Would you write out all of the data exactly as it appears below?
☆ ☆ ☆
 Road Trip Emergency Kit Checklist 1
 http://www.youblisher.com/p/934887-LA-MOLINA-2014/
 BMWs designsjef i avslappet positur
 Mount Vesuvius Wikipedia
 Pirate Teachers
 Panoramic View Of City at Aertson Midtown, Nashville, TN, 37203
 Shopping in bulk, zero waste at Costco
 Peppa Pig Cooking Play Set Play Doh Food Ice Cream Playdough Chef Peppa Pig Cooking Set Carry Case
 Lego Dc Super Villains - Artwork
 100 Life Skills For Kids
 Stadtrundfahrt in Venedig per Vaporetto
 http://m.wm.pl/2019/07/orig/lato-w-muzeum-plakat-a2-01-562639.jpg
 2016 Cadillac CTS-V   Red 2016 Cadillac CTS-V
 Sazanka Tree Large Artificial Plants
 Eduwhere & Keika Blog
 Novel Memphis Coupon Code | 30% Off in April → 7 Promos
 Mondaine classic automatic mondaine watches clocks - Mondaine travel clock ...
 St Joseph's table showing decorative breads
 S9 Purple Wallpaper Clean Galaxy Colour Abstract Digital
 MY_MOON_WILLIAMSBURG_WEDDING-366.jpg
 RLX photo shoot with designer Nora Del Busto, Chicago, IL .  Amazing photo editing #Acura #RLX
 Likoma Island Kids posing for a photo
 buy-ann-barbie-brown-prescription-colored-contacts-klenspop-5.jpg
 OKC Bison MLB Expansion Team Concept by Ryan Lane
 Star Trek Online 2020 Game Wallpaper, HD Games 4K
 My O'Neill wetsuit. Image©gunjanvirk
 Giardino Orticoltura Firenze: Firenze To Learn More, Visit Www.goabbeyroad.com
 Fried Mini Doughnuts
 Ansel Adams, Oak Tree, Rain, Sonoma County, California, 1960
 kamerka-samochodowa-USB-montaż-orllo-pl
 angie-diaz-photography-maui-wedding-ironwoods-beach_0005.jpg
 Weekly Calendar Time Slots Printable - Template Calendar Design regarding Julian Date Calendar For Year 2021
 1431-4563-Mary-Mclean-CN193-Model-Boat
☆ ☆ ☆
- [Response below]
 Road Trip Emergency Kit Checklist 1
 http://www.youblisher.com/p/934887-LA-MOLINA-2014/
 BMWs designsjef i avslappet positur
 Mount Vesuvius Wikipedia
 Pirate Teachers
 Panoramic View Of City at Aertson Midtown, Nashville, TN, 37203
 Shopping in bulk, zero waste at Costco
 Peppa Pig Cooking Play Set Play Doh Food Ice Cream Playdough Chef Peppa Pig Cooking Set Carry Case
 Lego Dc Super Villains - Artwork
 100 Life Skills For Kids
 Stadtrundfahrt in Venedig per Vaporetto
 http://m.wm.pl/2019/07/orig/lato-w-muzeum-plakat-a2-01-562639.jpg
 2016 Cadillac CTS-V   Red 2016 Cadillac CTS-V
 Sazanka Tree Large Artificial Plants
 Eduwhere & Keika Blog
 Novel Memphis Coupon Code | 30% Off in April → 7 Promos
 Mondaine classic automatic mondaine watches clocks - Mondaine travel clock ...
 St Joseph's table showing decorative breads
 S9 Purple Wallpaper Clean Galaxy Colour Abstract Digital
 MY_MOON_WILLIAMSBURG_WEDDING-366.jpg
 RLX photo shoot with designer Nora Del Busto, Chicago, IL .  Amazing photo editing #Acura #RLX
 Likoma Island Kids posing for a photo
 buy-ann-barbie-brown-prescription-colored-contacts-klenspop-5.jpg
 OKC Bison MLB Expansion Team Concept by Ryan Lane
 Star Trek Online 2020 Game Wallpaper, HD Games 4K
 My O'Neill wetsuit. Image©gunjanvirk
 Giardino Orticoltura Firenze: Firenze To Learn More, Visit Www.goabbeyroad.com
 Fried Mini Doughnuts
 Ansel Adams, Oak Tree, Rain, Sonoma County, California, 1960
 kamerka-samochodowa-USB-montaż-orllo-pl
 angie-diaz-photography-maui-wedding-ironwoods-beach_0005.jpg
 Weekly Calendar Time Slots Printable - Template Calendar Design regarding Julian Date Calendar For Year 2021
 1431-4563-Mary-Mclean-CN193-Model-Boat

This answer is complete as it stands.